Lava: Transforming land, transforming lives

Today a friend told me the story of losing her home to lava – in 1992.  The tale began with her tinkering in the yard of her Kalapana Gardens house on January 3, 1983, when she heard a jet pass low overhead, only it wasn’t a jet and it didn’t pass: it was, in her words, “the birth of Puʻu ʻŌʻō.”  She could see the initial fountaining from her driveway; the photo above was the beginning of the end of a life that she knew.

Access to her property was cut off by a flow at some point; the county bulldozed a way in, but her home was ultimately consumed by lava in 1992.

That’s nine years of a life.

Yet . . . her story was absolutely not one of regret and despair.  She spoke of the event as a catalyst for transforming lives in wonderful ways: of people getting sober; of temporary roommates morphing into life-long, life-affirming friendships; of reconciliations; of divorces; of making it crystal clear what is actually important in life.

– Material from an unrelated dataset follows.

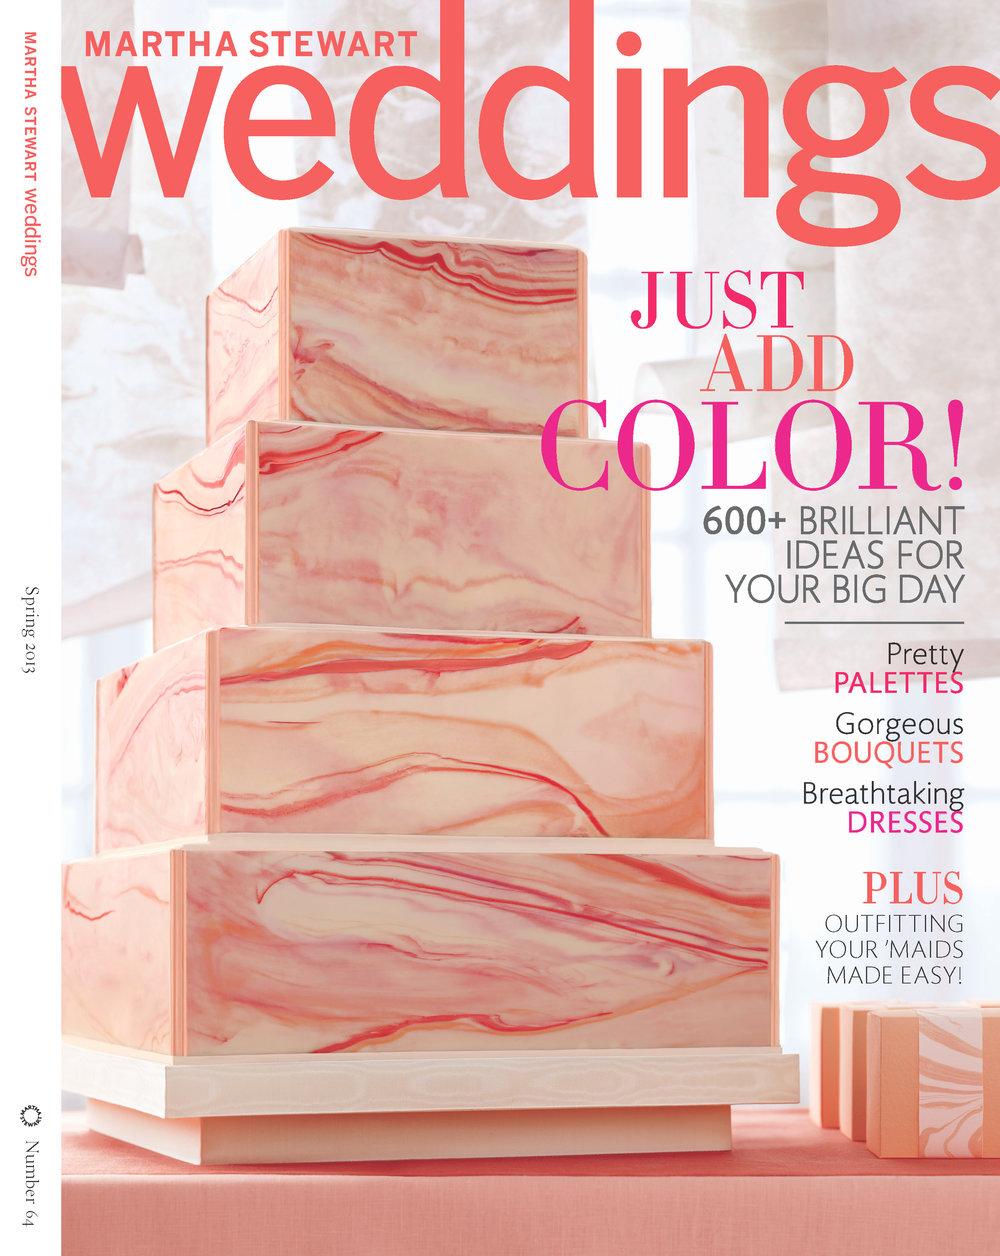 Weddings Spring 13 Cover.jpg

What I find astonishing about this is that I have been friends with this person for at least 15 years, yet this is the first time I heard this story.  In other words, the heart of who she is is not that terrifying time but the wondrous changes that followed. I was wowed.

And now for something completely different: this morning, and I’m not quite sure why although I bet a psychologist might have an idea, I put my house somewhat back in order by returning art to walls, restocking shelves, reperching plants.  Hopefully I am not daring the earthquake boss.

And lastly, the image below was in the news today.  A reality check for me.  I have to admit, though, the image on the left feels truer to me, even though the one on the right is factual.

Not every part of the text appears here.